Some men are born to succeed. They have more brains
than others.”
“Who, for instance?”
“Well, there’s Edison.”
“Yes; and while you were having
a good time with the boys, wearing good clothes, and
enjoying the comforts of life, Edison was working and
studying, wearing shabby clothes and patched shoes,
so that he might buy books. What right have you
to say that Edison has a better head, naturally, than
you until you have done what Edison did to develop
his?”
“Well, if you put it that way none,
I guess.”
“Then you might have been an
Edison if you had sacrificed, worked, and studied
as Edison did?”
“Perhaps.”
“Then where does the ‘hard
luck’ come in? While you were having a good
time, Edison was having a hard time.
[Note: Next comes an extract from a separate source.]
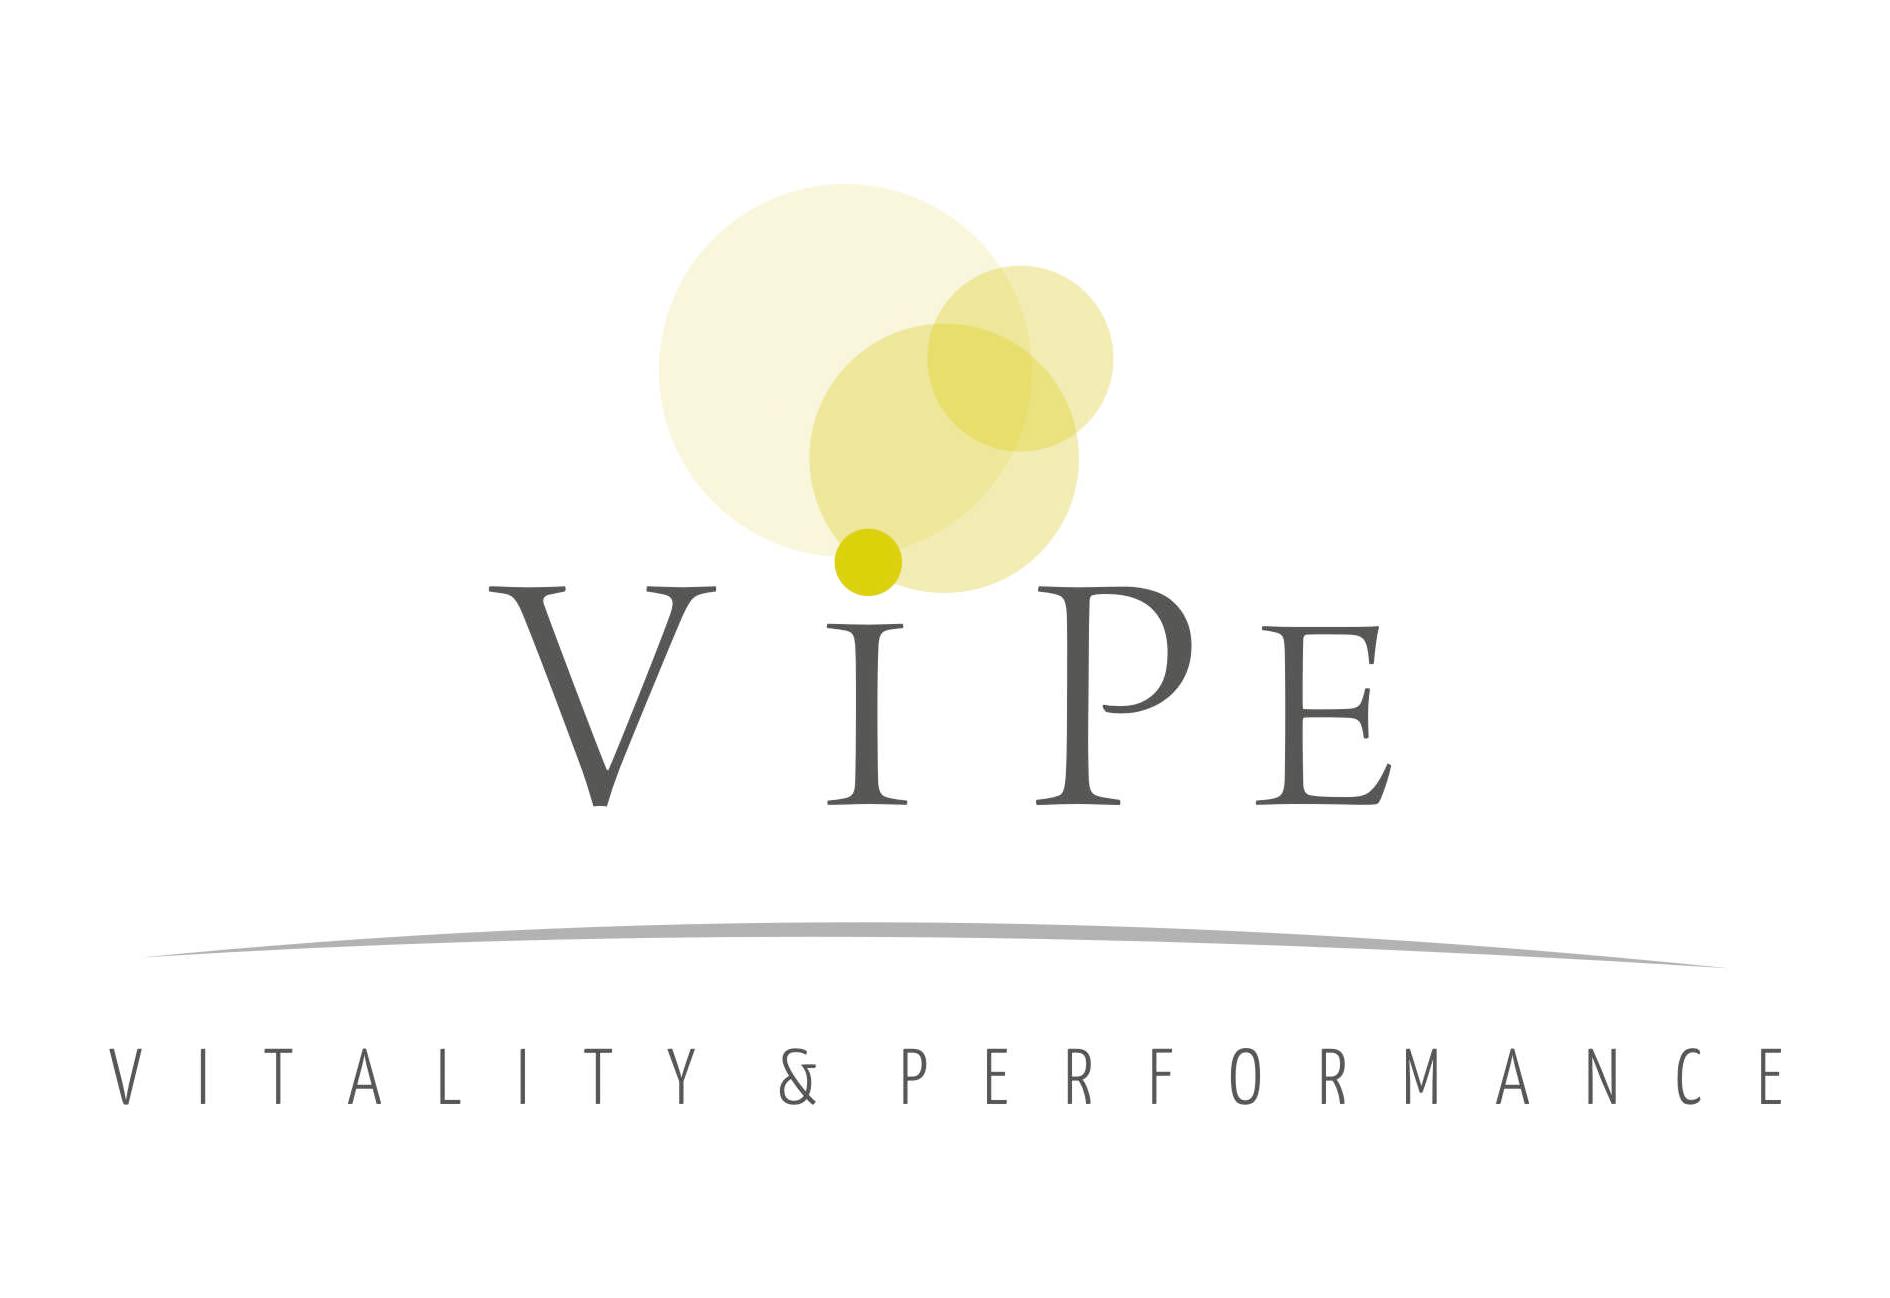 Vitality & Performance

Isn’t
that so?”
“Yes, and now Edison is on Easy
Street and I am headed for the Bay. I see your
point, Mr. Socratic. I guess it isn’t luck,
after all. It’s my fault. But knowing
that won’t make it any easier for me when I get
canned.”
“What’s the use crossing
the bridge before you get to it? I read the other
day of a man who studied law, was admitted to the bar,
and made money on it, all after he was seventy years
old.”
“Think there’s any chance
for me? Can I learn anything at my age?”
“You learned something just
now, didn’t you?” asked Socratic.
“Yes, I guess I did.”
“Well, if you can learn one thing, you can learn
a hundred, can’t you?”
“Guess so.”
“Will you?”
“I sure will.”
If you are a worker and not a shirker if
you are a lifter and not a leaner if you
have done your best to succeed in your present vocation,
and are still dissatisfied, and feel that you could
do better in some other line of work, we hope that
this book has been of some assistance to you in determining
your new line.
If, however, you have never attempted
your best if you have never worked your
hardest if you have grown weary, and laid
down your burden in the face of difficulties and obstacles if
you have neglected your education, your training,
your preparation for success, then, before you make
a change, before you seek vocational counsel, do your
best to make good where you are. It may be the
one vocation in which you can succeed.